Nielsen’s recent Gas Price Impact Consumer Survey collected online survey responses from nearly 52,000 U.S. households, geographically and demographically representative of the total U.S. population. The survey was conducted in June and July 2010 when regular gas prices averaged between $2.70 and $2.75 per gallon. The survey found:
- Consumers continue to combat high gas prices by combining errands/trips (63%), doing more at home (39%), and reducing spending to a small degree (29%), moderating from levels seen at the peak of the recession.
- Eating out less (46%) and coupon use (38%) rank high as money saving strategies due to gas costs, elevated from pre-recession times.
- Supercenters are losing some appeal for consumers seeking gas savings; only 26% of households say they shop more at supercenters to save on gas compared to 28% a year ago.
- Sixteen percent of households say that gas prices have no impact on their driving or spending; double the response in June 2008.
- Some consumers buy gas at locations because of incentives tied to their spending at stores where they shop, such as grocery (24%); convenience stores/gas (19%); warehouse/club (14%) and mass merchandisers (7%).
- What is driving consumers to purchase gas at convenience/gas stores versus other locations? Of the 85% of households that buy gas in these locations, 79% do so because of low gas prices; 67% for the convenient location; 14% for the shopper/loyalty cards and 8% because they are there to purchase lottery tickets.
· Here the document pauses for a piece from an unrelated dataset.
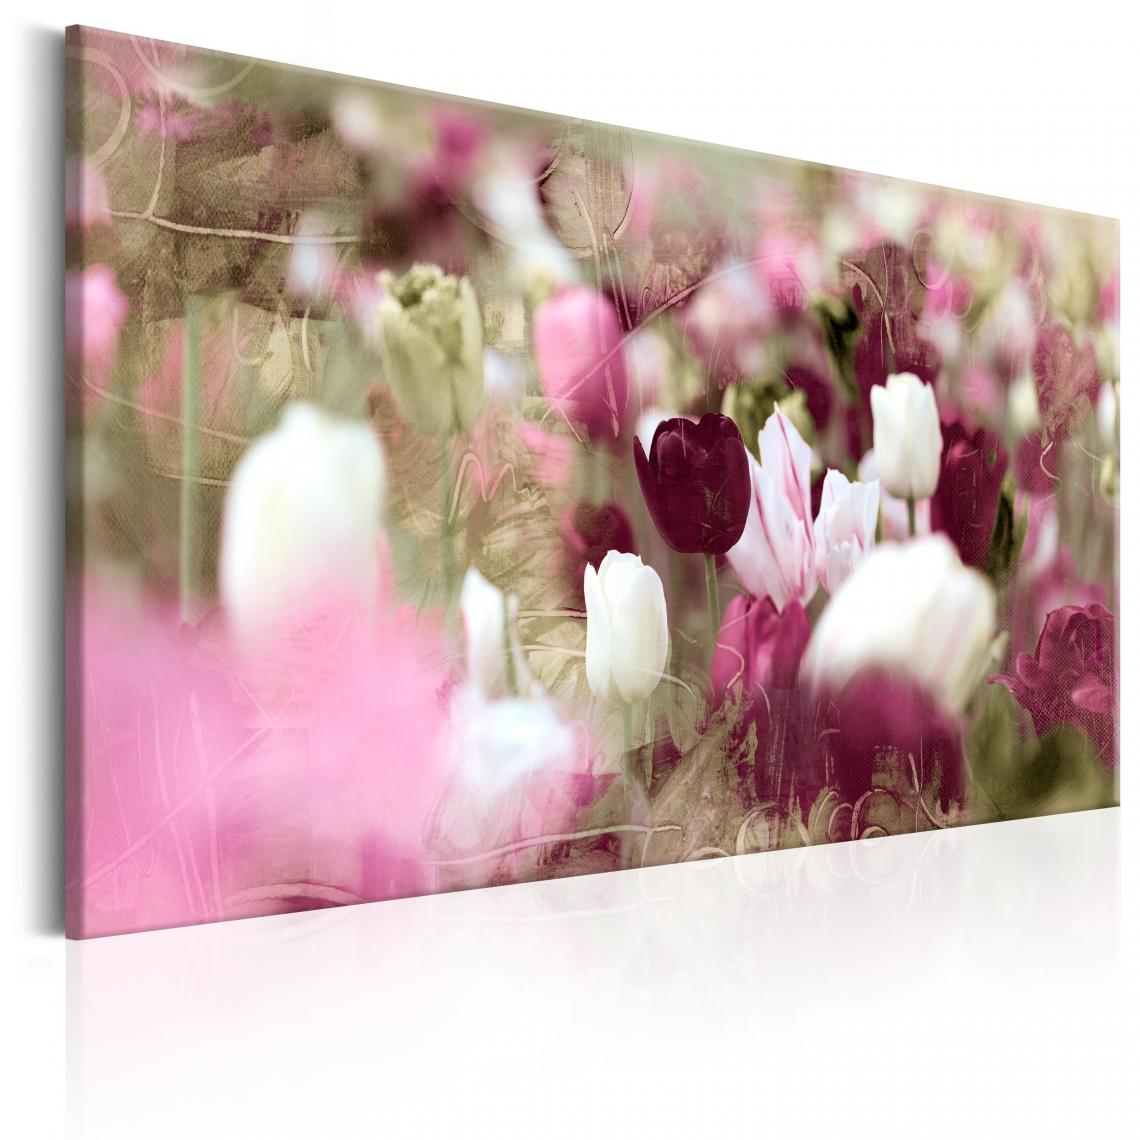 Decoshop26 - Tableau sur toile décoration murale image imprimée cadre en bois à suspendre Prairie de tulipes 60x40 cm 11_0005768 - Tableaux, peintures

“Consumer packaged goods (CPG) retailers continue to demonstrate good marketing and merchandising tactics by linking in-store spending to gas savings at their pumping sites or with participating petroleum companies,” said Hale. “Some programs have been extended to reward shoppers with gas discounts and in-store savings based on gas spending. Other programs include participation from manufacturer brands. While gas prices are a bargain compared to mid-2008, filling up a 15 gallon tank represents a significant cash outlay and an opportunity for CPG retailers and manufacturers alike to offer saving solutions.”